Hi, Meghan. I'm feeling rather lazy, too. School just started for the semester and getting myself to do the work is almost impossible. I'm tired a lot... I get headaches a lot... Sometimes even just going out the front door is hard. If I think too much about it, I'll get really nervous. I was in the car for about seven hours going to Lake Erie last week, and eventually, the idea of getting out of the car gave me anxiety... and it was supposed to be a vacation! It makes it rather hard for me to just go out and enjoy myself. I tend to stay home and watch tv, read, get on the internet... I'm starting to think about the DP less, though. I think.


----------



## hurricane12 (May 22, 2008)

.


----------



## meghan28 (Jan 3, 2008)

Thanks for the advice hurricane =)


----------



## voidvoid (Sep 5, 2008)

Stop playing WoW, now. I had a a a time in my life where i played it almost all of my awake time. It?s heroin on the internet. Im still playing it, but much less. When the expansion comes in november, Im gonna play it but not hardcore.

Hope you feel better.


----------



## meghan28 (Jan 3, 2008)

Yeah soccer takes me away from WoW a lot haha. Eek, the expansion has so much cool stuff it's going to be like when you first started playing :O


----------



## hurricane12 (May 22, 2008)

.


----------



## meghan28 (Jan 3, 2008)

The computer... takes my mind away from things but yet makes me feel horrible since I'm just sitting there and not being active. As weird and cheesy as this sounds WoW takes me away from MY life and puts me into my character's which makes me feel a bit better in a sense. After excessive playing it also makes my anxiety sky-rocket, but I normally get off within an hour or less. If I'm not doing anything I'll play, but otherwise I'm doing sports or out with people


----------



## Guest (Sep 29, 2008)

I've tried wow again, I got to level 40 then just didn't touch it again... "same old same old". I'm been playing Oblivion with the "Popehat Oblivion Omods Project" aka poop mod, it's excellent.


----------



## timelessness (Oct 31, 2008)

hehe WOW i found it not very addicting. I play conquer online, anyone else play this? i play it loads atm prob not a good thing its totally taking over my life, i play it all the time i must use it as an escape, maybe because im scared of real life. If only i put all the energy i used playing video games into real life i would be a millionaire by now lol. I get nervous around people too, when my dp was at its worse i even felt really nervous around family members but now its just strangers i fell nervous, WHY CANT I JUST RELAX, i mean nothings going to happen if you only just could live in the moment then there would be nothing to worry about because there is only the present


----------



## Conjurus (Oct 25, 2008)

I was addicted to WoW for over 2 years. I got into it because I've always been a fan of warcraft and I would always buy any warcraft game. I've also been the type that plays a game non-stop until I beat it. Well since you cant beat WoW I played it non-stop for 2 years. I finally "beat" the game by getting rid of it. 

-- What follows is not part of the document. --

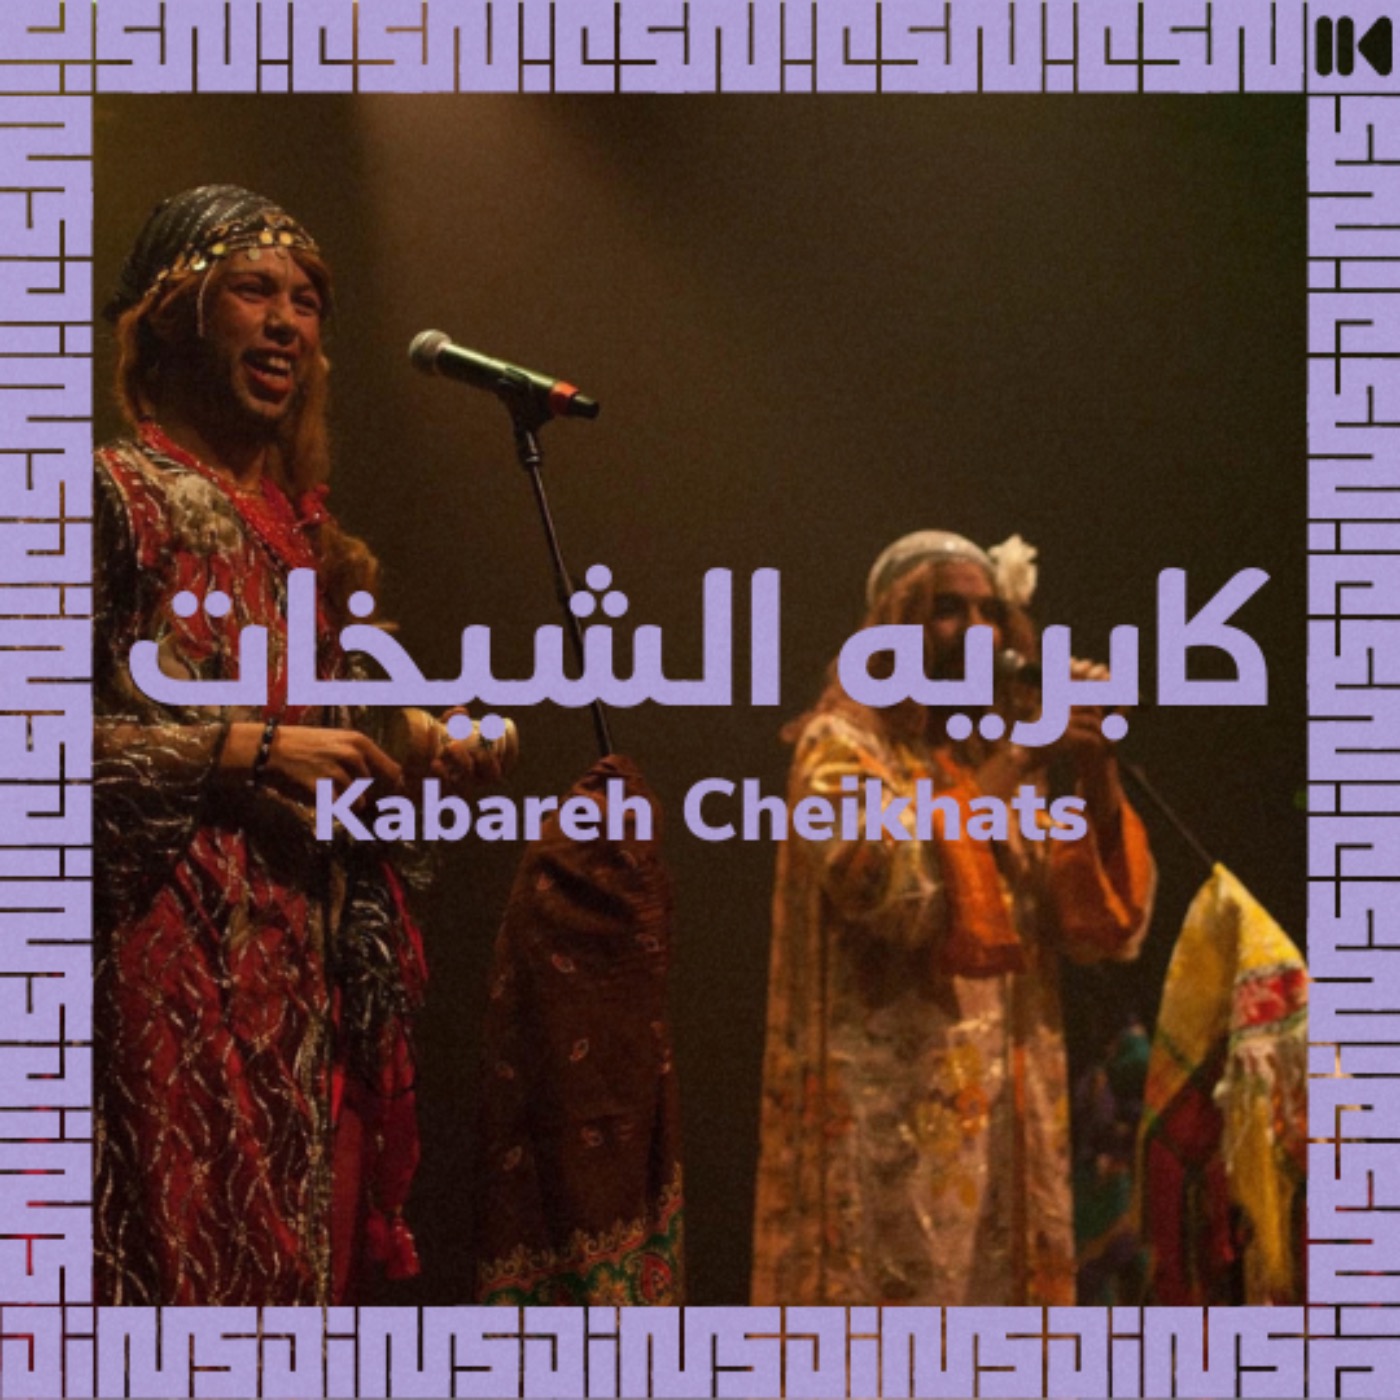 EP 20 : Les « Cheikhates », grandes figures féministes du Maghreb - avec KABAREH CHEIKHATS

I did end up meeting someone online through WoW though. That didnt last.


----------



## meghan28 (Jan 3, 2008)

Timelessness I totally agree with you on that brotha. I used to feel wicked nervous around family as well but that has gone away... now I just get nervous around friends a bit and strangers A LOT.  You're not alone!


----------



## mihai_sandor1991 (Nov 20, 2008)

ussualy i feel very normal in the evenings after 10-11 pm probably beacouse my body is tired and even before dp/dr i would feel this way in the evenings . So evenings are the best, especially in clubs :X, I just close my eyes and I let myself taken away by House music :X


----------



## winniebree (Nov 28, 2008)

I am addicted to the internet,too. I have formed the habit of chatting online with people whenever I feel anxious or nervous. The rest of the time I just watch tv dramas non-stop. Since I am so used to locking myself up at home, I got nervous when I had to go out to meet real people.


----------



## meghan28 (Jan 3, 2008)

I know that all too well, talking to people on the internet is comfortable but in real-life it's awkward and you question like : How should I stand? Should I look in their eyes? Should I smile? Do they really like me or are they faking it?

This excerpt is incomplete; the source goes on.